### Recorded information ###
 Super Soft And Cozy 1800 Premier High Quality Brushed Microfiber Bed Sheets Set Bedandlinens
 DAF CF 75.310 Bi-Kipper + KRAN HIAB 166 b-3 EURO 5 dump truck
###
### Recorded information ###
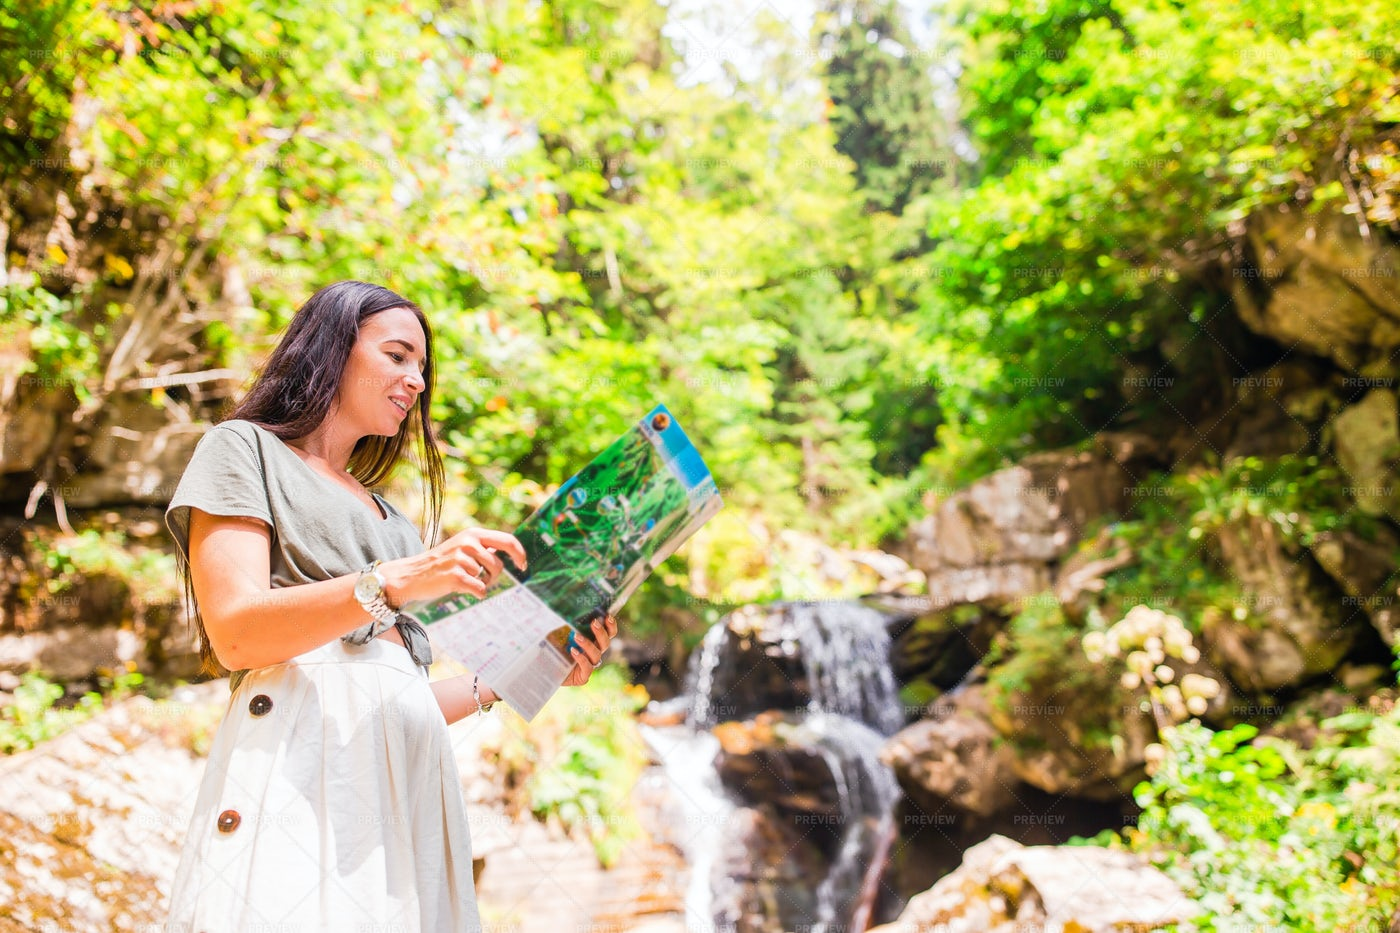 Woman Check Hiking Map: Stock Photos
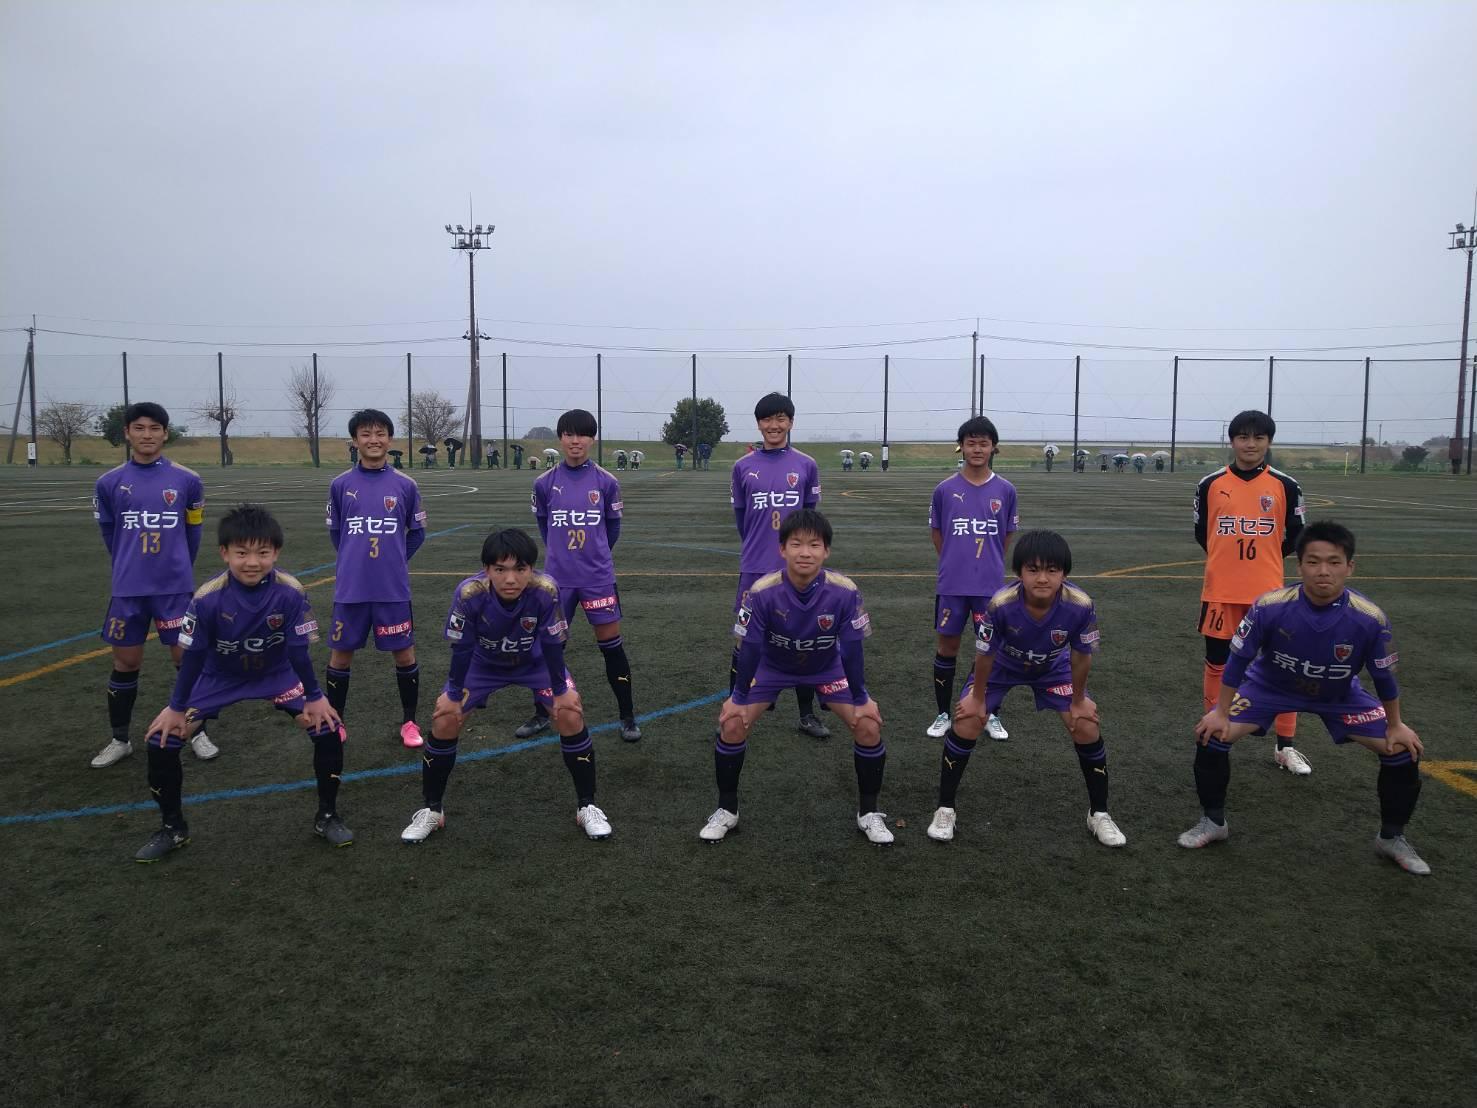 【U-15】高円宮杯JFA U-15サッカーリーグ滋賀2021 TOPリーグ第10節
###
### Required work
Could you restate word for word the lines above, from the one that contains "Super Soft And" through the one that contains "DAF CF 75.310", and no others?

### Finished exercise
 Super Soft And Cozy 1800 Premier High Quality Brushed Microfiber Bed Sheets Set Bedandlinens
 DAF CF 75.310 Bi-Kipper + KRAN HIAB 166 b-3 EURO 5 dump truck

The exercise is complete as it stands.